Learning How to Make ‘Yes’ More Say-able

In the early days of my company Praxis, I said yes a lot.

Interns, contractors, and employees had ideas. I said go ahead and try them. Why not? It was fast-paced, wild, experimental. I love saying yes to people acting on their ideas.

I’ve found myself in phases where I can’t say yes as freely, and I have to be involved in a lot more back and forth before action is taken. I hate it. Recently, I’m back in a place where it’s easy to say yes.

I started thinking about the factors that enable saying yes. It requires a clear vision.

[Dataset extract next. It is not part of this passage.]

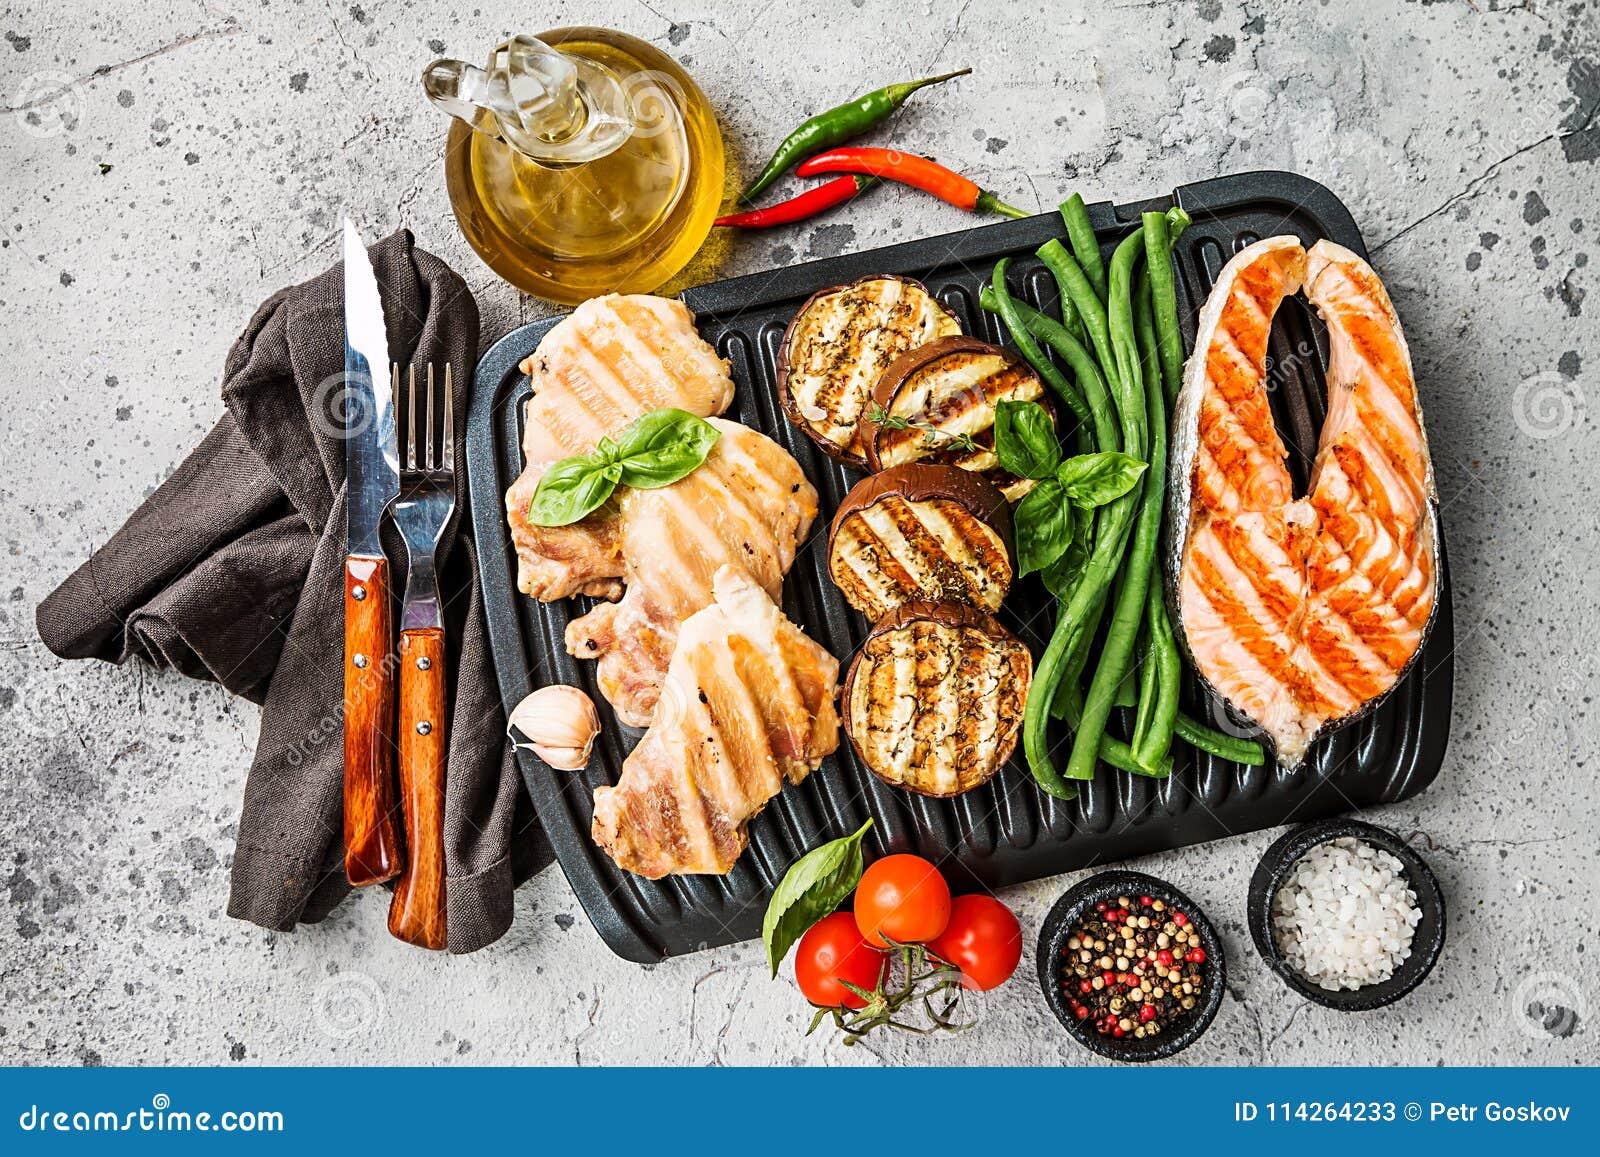 Healthy grill food

If the vision is muddy or badly articulated, every idea will just sort of miss the mark enough to warrant discussion. The mark hasn’t been made clear enough to allow various paths to it to be freely tried.

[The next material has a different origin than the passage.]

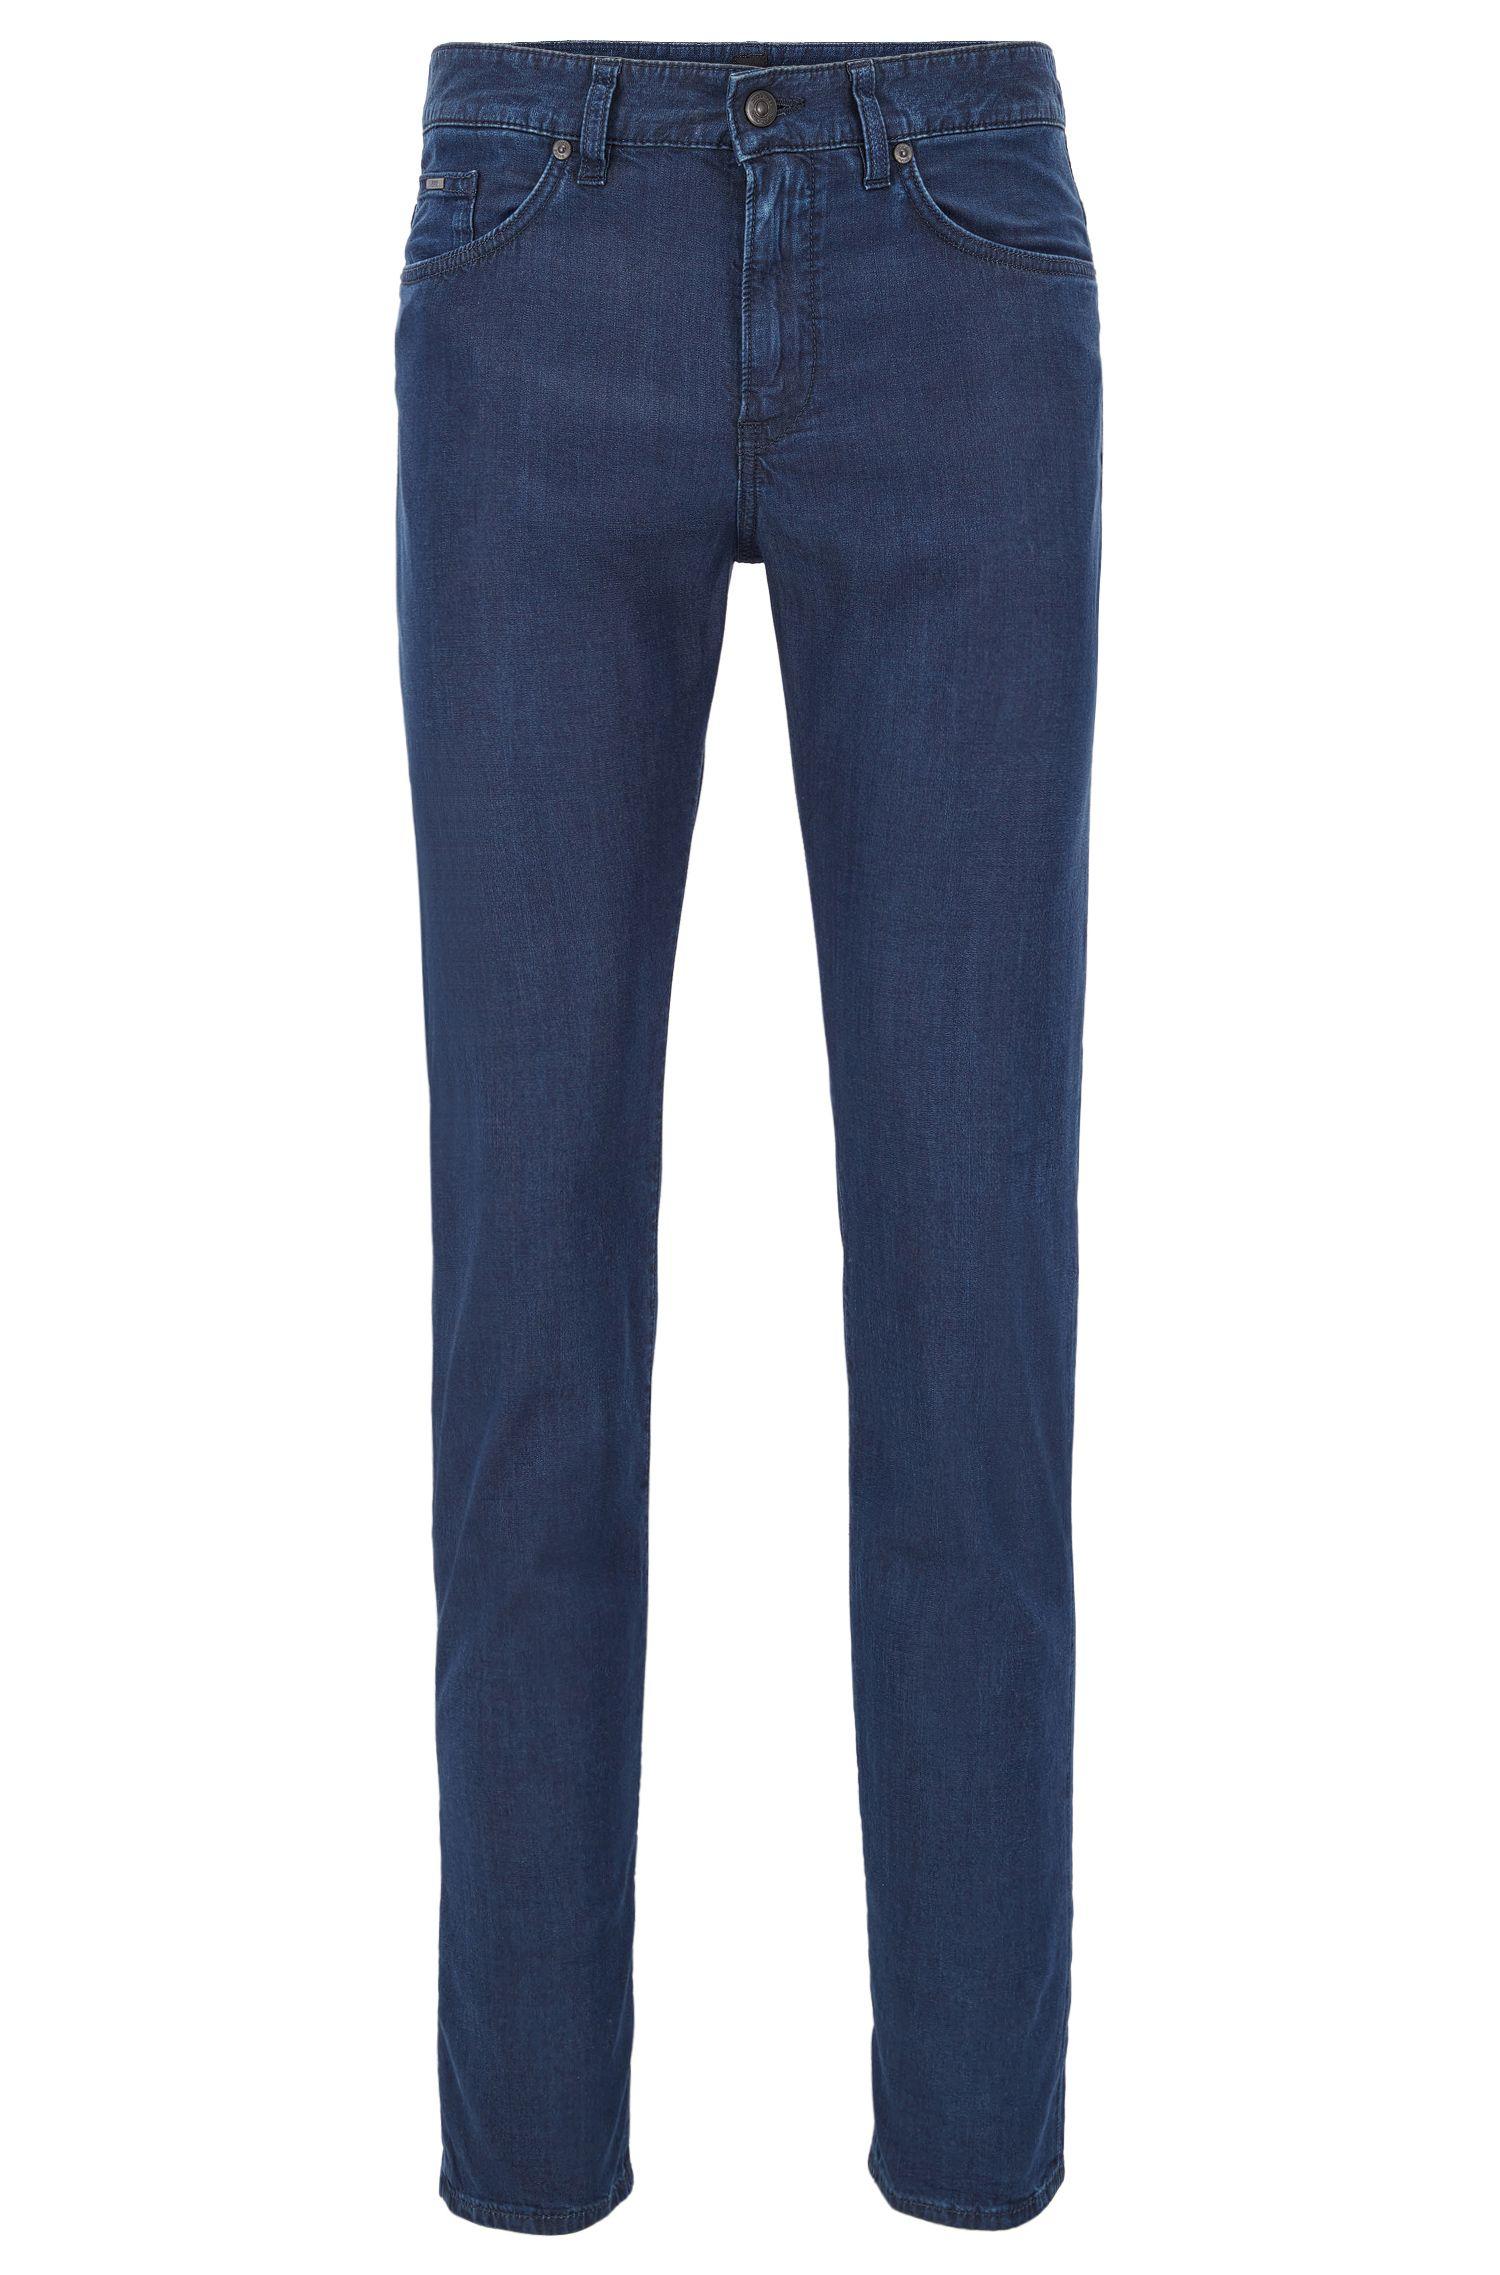 Stretch Jean, Slim Fit | Delaware, Dark Blue

It also requires excellent teammates. To let someone free to chase down their ideas requires people who tend to have ideas worth chasing and tend to be able to execute on them. At times when hiring outpaces acculturating, you get phases where you can’t green light as much.

It requires a sense of urgency and pace where growth is prized over stability. If you’re protecting what you have, you’ll say no a lot. If you’re boldly moving into the unknown anyway, what the heck, let’s try some stuff! This mindset must be maintained even if you have stuff to lose. Growth should be prized more than loss is feared if you want to be able to say yes often.

I love pitching a vision, rallying a great team around it, and then saying yes to everything they come up with. That’s when I’m in the zone. I don’t like getting into the weeds and trying to tweak people’s ideas. But I can’t just avoid it any more than I can ignore throbbing pain in my body. It’s a symptom that reveals a problem. If I’m not finding it easy to say yes, it means the vision isn’t clear enough or not communicated well enough, the team isn’t right, or the loss aversion is too strong.

Take care of those, and I get to start saying yes and watching the magic happen.